Guinean NGOs met in January, in Bissau, with the Brazilian diplomat Antônio Patriota, the current president of the United Nations Peacebuilding Commission. What was the result of this meeting?

The meeting of Ambassador António Patriota with civil society organizations, including the Guinea-Bissau Human Rights League, was an excellent opportunity to hear from these social actors on the current situation in the country and their proposals for a solution to the crisis. It is still early to talk about results, but it is very encouraging that a senior representative from the commission met with civil society organizations and took note of their concerns and their proposed solution to the crisis. We believe that future projects developed within the framework of the Peacebuilding Fund (PBF) will draw on these ideas of Guinean civil society. However, the main result to highlight from this meeting was the recognition of the unmistakable role of NGOs in the democratization and peacebuilding process in Guinea-Bissau. For this reason, we are immensely grateful to Conectas for having organized the initiative that led to this meeting.

What are the chances of the presidential and parliamentary elections taking place on the scheduled date?

The presidential and parliamentary elections are scheduled for April 13, 2014, although there have been repeated delays. Right now, voter registration has been completed across the country and in the diaspora, and the candidates have been validated by the Supreme Court in its capacity as a Constitutional Court. The provisional list of candidates has been published by the Supreme Court, subject to complaints. According to the list, we have 13 candidates in the presidential elections and 15 parties for the parliamentary elections. However, the election campaign will kick off on March 22, symbolizing the irreversibility of the election process.

Will the election be enough to put a stop to the climate of tension in the country following the assassination of a president and an attack on a Minister of State? What are the prospects for the future of the country after the elections?

Guinea-Bissau is a positive reference in Africa in terms of credible, free, fair and transparent elections. That is, we have held countless elections that have complied with international standards. I say this to demonstrate that our problem has never been about holding elections, but instead the democratic culture of accepting the results of the ballot and allowing the power granted by the people to be exercised to serve their interests.

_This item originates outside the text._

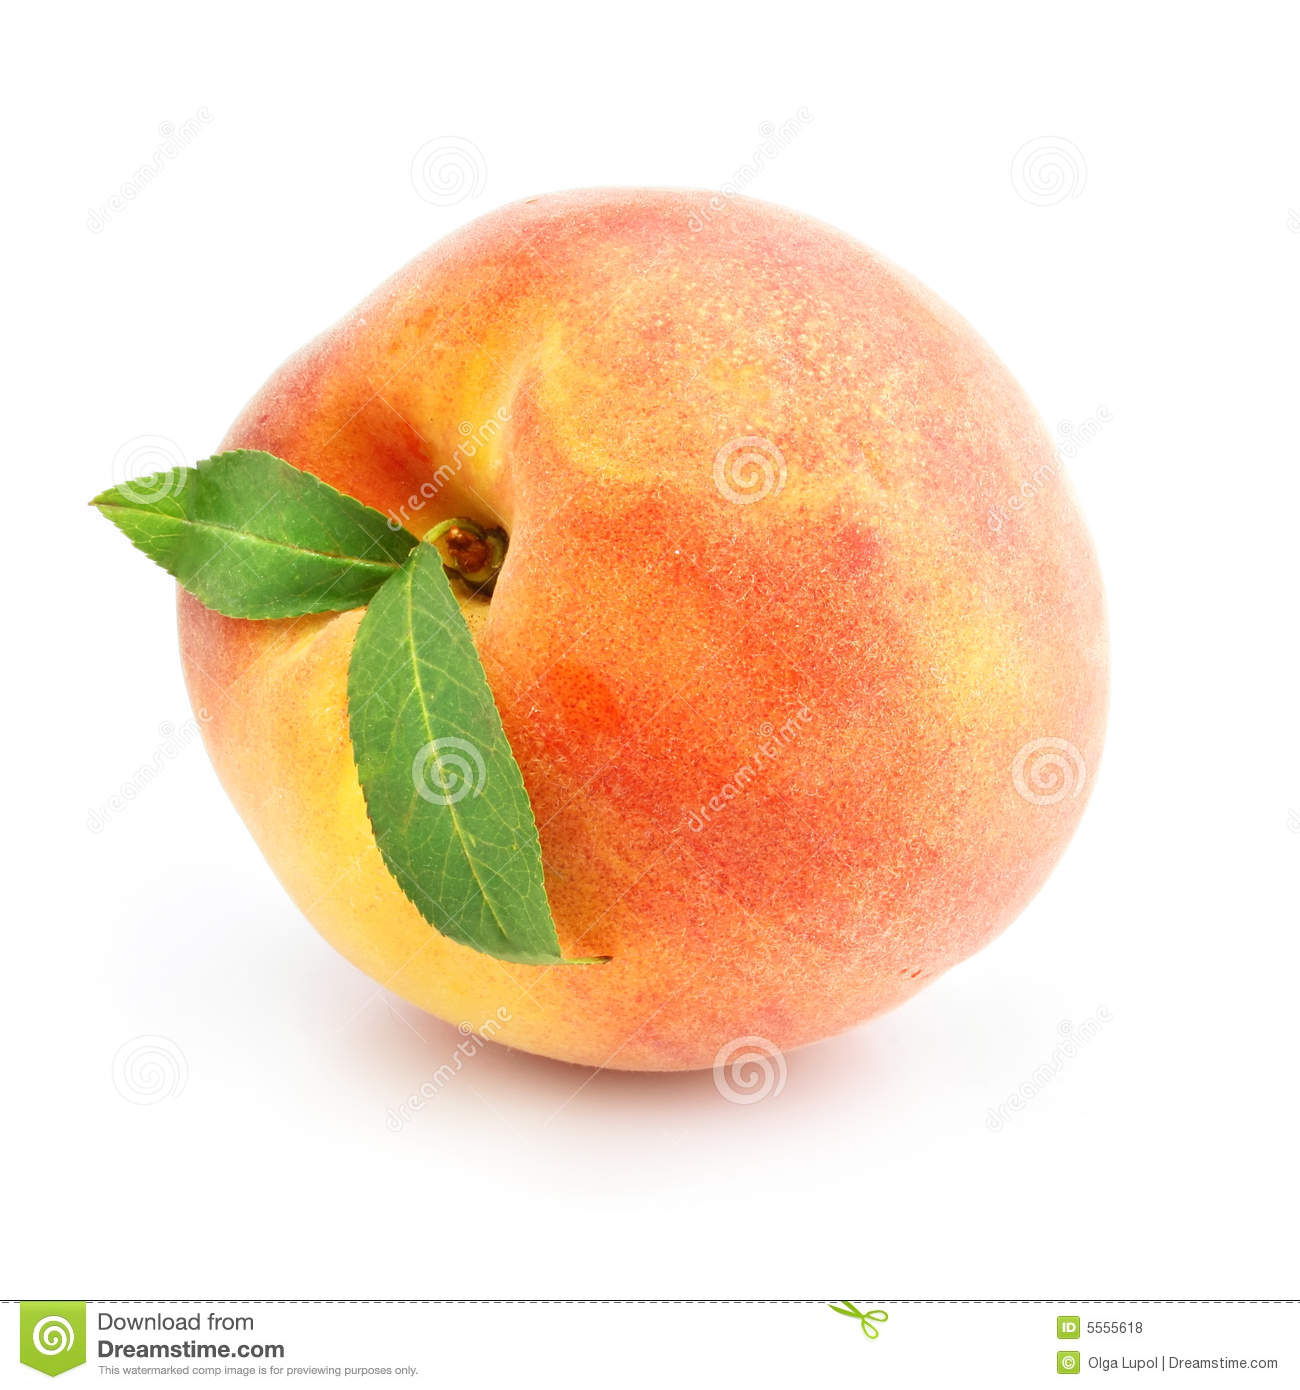 Ripe Peach Fruit With Green Leafs Isolated Royalty Free Stock Photos

These have always been and are still our real problems, together with a culture of impunity and dysfunctional judicial institutions.

Throughout the past decade or so of successive crises, dozens of citizens have been assassinated, violently beaten and arbitrarily arrested, including high dignitaries. The people responsible for these criminal acts have never been brought to justice. For this reason, we believe that to reduce the tension in the country and the sense of hatred resulting from the cycle of impunity, it is urgent and necessary for the next political leaders who emerge from the elections to restore the authority of the State and reform the justice system, allowing it to establish balance and drive a genuine reconciliation capable of pacifying spirits and restoring the self-esteem of Guineans.

Similarly, the resumption of cooperation with the main development partners, namely the European Union, IMF and World Bank, is also of great important.

All this will depend on how political power will be divided and managed after the April 13 elections, but also on how an understanding will be reached between the different regional and international blocks and organizations on ways to help Guinea-Bissau once again find peace and pursue sustainable development.